На этой фразе она победно вытягивает руку вверх и, расплывшись в улыбке, откидывается на спинку кресла. «Я знала», – выговаривает шепотом, а затем поворачивается к нашему соседу слева и громко объявляет:

– Сорри, братишка. Эта птичка уже занята. Побагровев от смущения, прикрываю рукой трубку. Так и хочется сказать ей излюбленную фразу Карима: «Получишь по жопе». Я точно как-нибудь ее любимый белый лифчик со своим хиппи-свитером постираю.

– Передавай ей привет, – говорит Дан, пока я, соскочив с места, несусь к спасительной тишине туалета. – Значит, еще два дня… Хорошо. Ты по субботам тоже работаешь?

– Иногда бывает, – бормочу я, лавируя между столиками и попутно задаваясь вопросом, должна ли вообще на это отвечать. – Но нечасто.

– Вечер пятницы не располагает к утру субботы, это понятно. Сегодня куда-нибудь идешь?

Снова посещает ощущение, что все происходит не со мной. Для чего Дан это спрашивает? Исключено ведь… В смысле это точно исключено! И как перестать отвечать односложно? Дан разговаривает легко и многословно, а я так, будто мой лексикон строго ограничен, а к голове приставлен пистолет.

– Да не пугайся, красавица, – говорит он, по-своему расценив повисшую паузу. – Просто хотел узнать, будешь ли ты завтра в офисе. У меня встреча неподалеку, и я хотел посмотреть промежуточные правки, чтобы заранее знать, с чем твоя категоричная душа не согласна.

Его голос снова становится насмешливым:

– Суровая ты девушка, Татьяна Викторовна. Даже Матросов постеснялся предложить мне дилерский договор.

– С тобой стесняться себе дороже, – наконец, нахожусь я и даже позволяю себе улыбку. – Сам же говорил, что не подарок.

Теперь Дан смеется. Громко и с удовольствием, так, как меня всегда восхищало.
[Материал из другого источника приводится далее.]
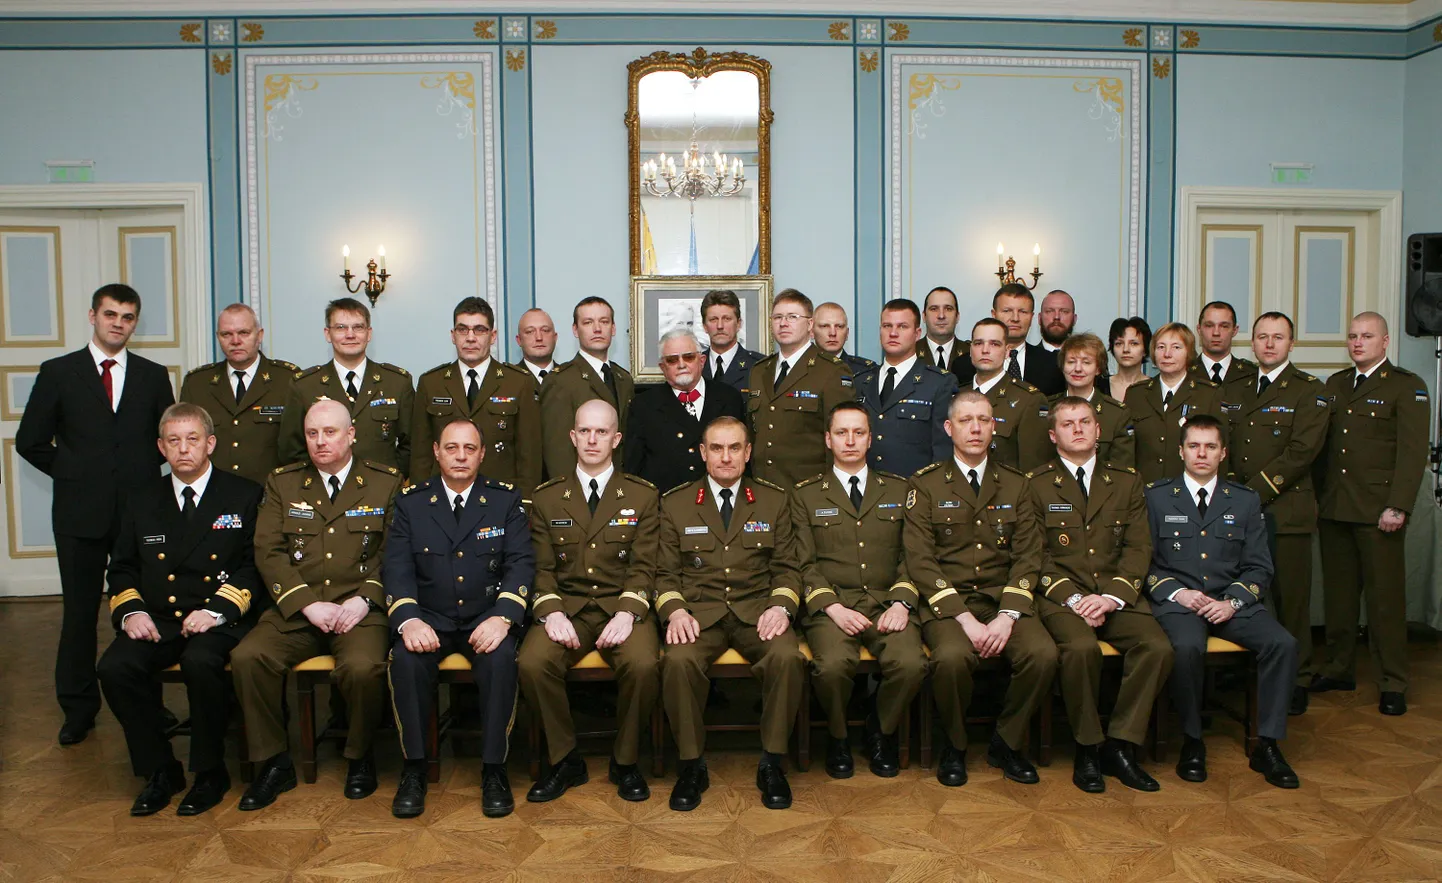 Kaitseväe juhataja koos vanemohvitseride ja kaitseväe teenetemärkide kavaleridega.

– Занимательная ты девушка, Таня. С какой стороны ни посмотри.

– А ты сам? – спрашиваю я, осмелев. – Сегодня тоже по клубам?

Говорю – и тут же испуганно кусаю щеку. Перегнула палку. С Громова взятки гладки – он ВИП-клиент и, скорее всего, привык так общаться, а я… В общем, такой вопрос был точно лишним.

– Да какие клубы, малыш, – его голос внезапно становится серьезным и чуточку уставшим. – Еду в аэропорт. К родителям на пару дней летал. А что, соскучилась? Имей в виду, я через пару часов прилечу.

Я машинально опускаю взгляд себе на руку: кожа пупырчатая, как у динозавра мезозойской эры. И как тут успокоиться? Ну ясно ведь, что он шутит.

– Все важные восстановительные процессы проходят с одиннадцати вечера до часу ночи, поэтому в это время лучше не бодрствовать, тем более, если завтра рано утром у тебя важная встреча. Так что лучше отдохни. Договор еще успеем обсудить.

– Учту, красавица, – усмехается Дан. – Тогда до понедельника.

– До понедельника, – отвечаю я и трясущимся пальцем сбрасываю вызов.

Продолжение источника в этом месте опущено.